Dalton counters: After finishing as easily the No. 1 fantasy player in 2011, Kemp was drafted extremely early last season. He finished April batting .417 with 12 homers, 24 runs scored and 25 RBI, and while his two steals may have felt disappointing, it’s tough to swipe second base with an .893 slugging percentage. A truly special fantasy season looked to be in store. However, a subsequent hamstring injury resulted (or at minimum can be partially blamed) in him having zero homers in May and then him missing the next six weeks after he later aggravated it, and when Kemp returned, he hit just five home runs over the next seven weeks before crashing into an outfield wall August 28, injuring his left shoulder in the process. He was hampered over the rest of the year, and the shoulder required surgery that was more extensive than originally anticipated during the offseason.

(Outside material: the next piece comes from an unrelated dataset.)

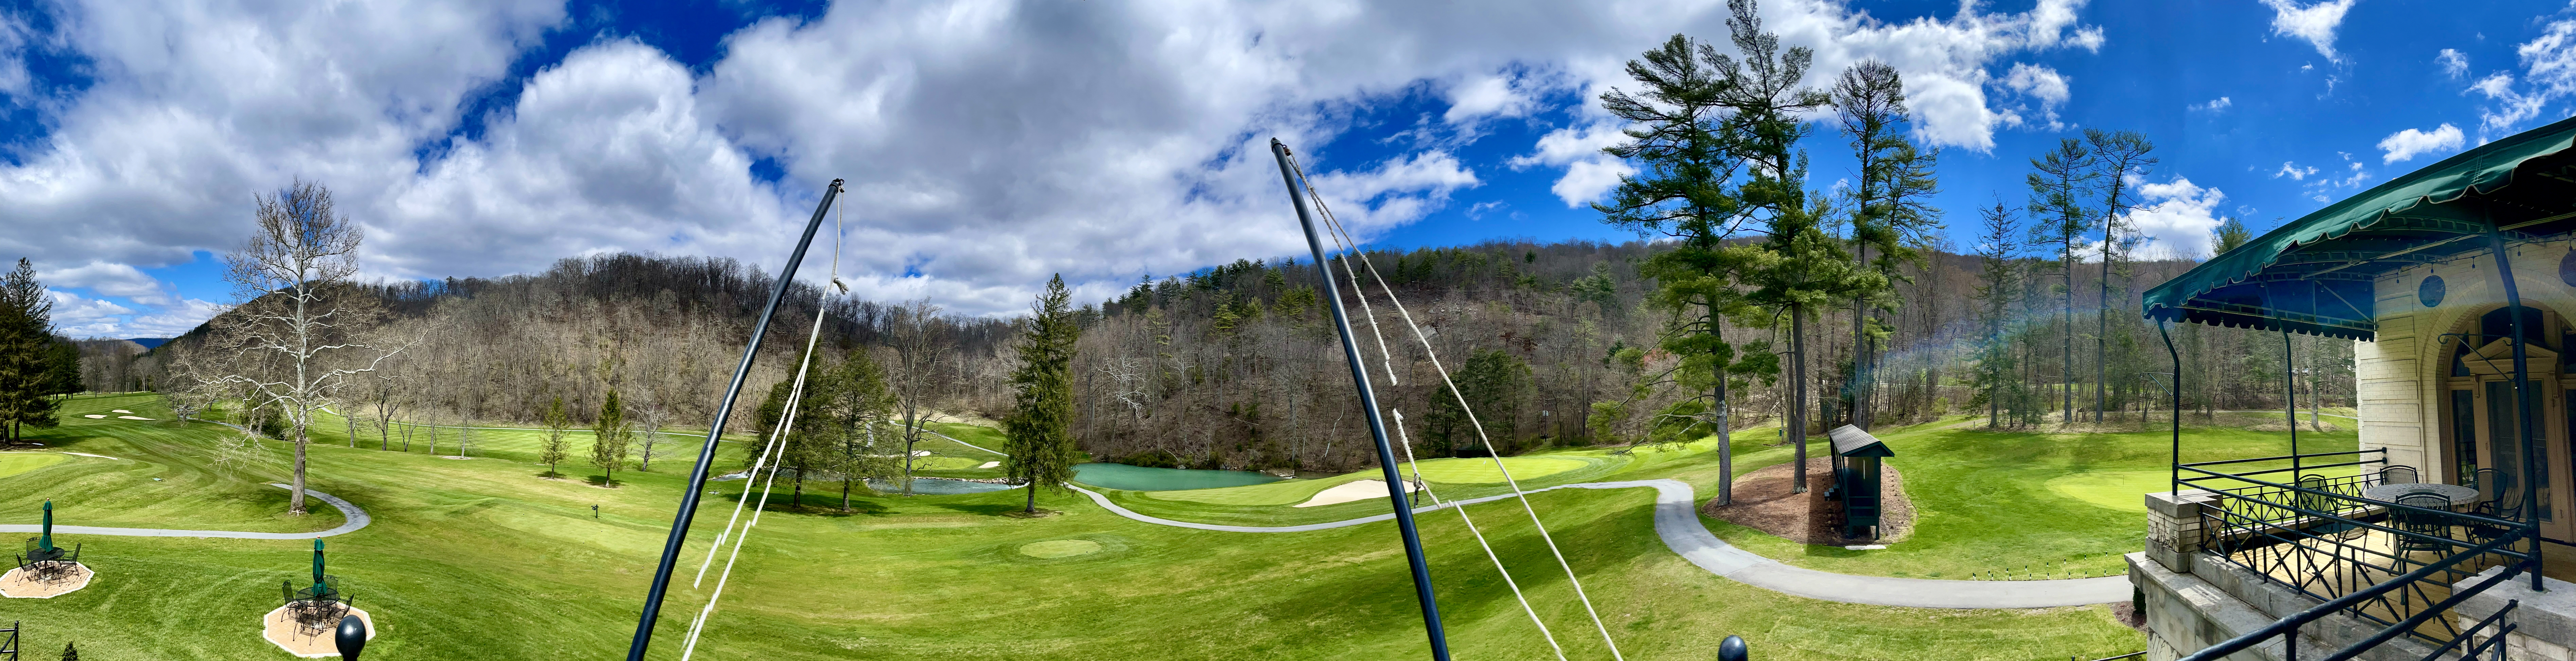 The Omni Homestead golf course

Kemp had four straight seasons in which he surpassed 600 at-bats before last year’s injury-riddled campaign, so durability had never been a problem. But there’s no question the current situation with his shoulder is of some concern. Will it affect his power? How quickly can he return to 100 percent?

It’s hard to build a case against McCutchen, who’s 26 years old and coming off a season in which he hit .327/.400/.553. But his stolen base success rate has declined during each year he’s been in the league, including when he went just 6-for-14 after the All-Star break last season. Maybe last year’s 31 homers was a sign of a new baseline, but considering McCutchen’s size, his typical batted ball profile and history, I’d consider him more of a 20-25 HR guy than a consistent 30+ homer hitter. Moreover, playing for the Pirates hurts his counting stats (he’s never had a 100-RBI campaign).

Kemp is entering his age-28 season, is one year removed from a monstrous .324-39-115-126-40 campaign and will be hitting in the middle of a lineup that could be highly productive. I don’t see any of the five categories in which Kemp shouldn’t be considered the favorite to beat McCutchen this season. Of course, I’m banking on Kemp’s shoulder being a non-issue.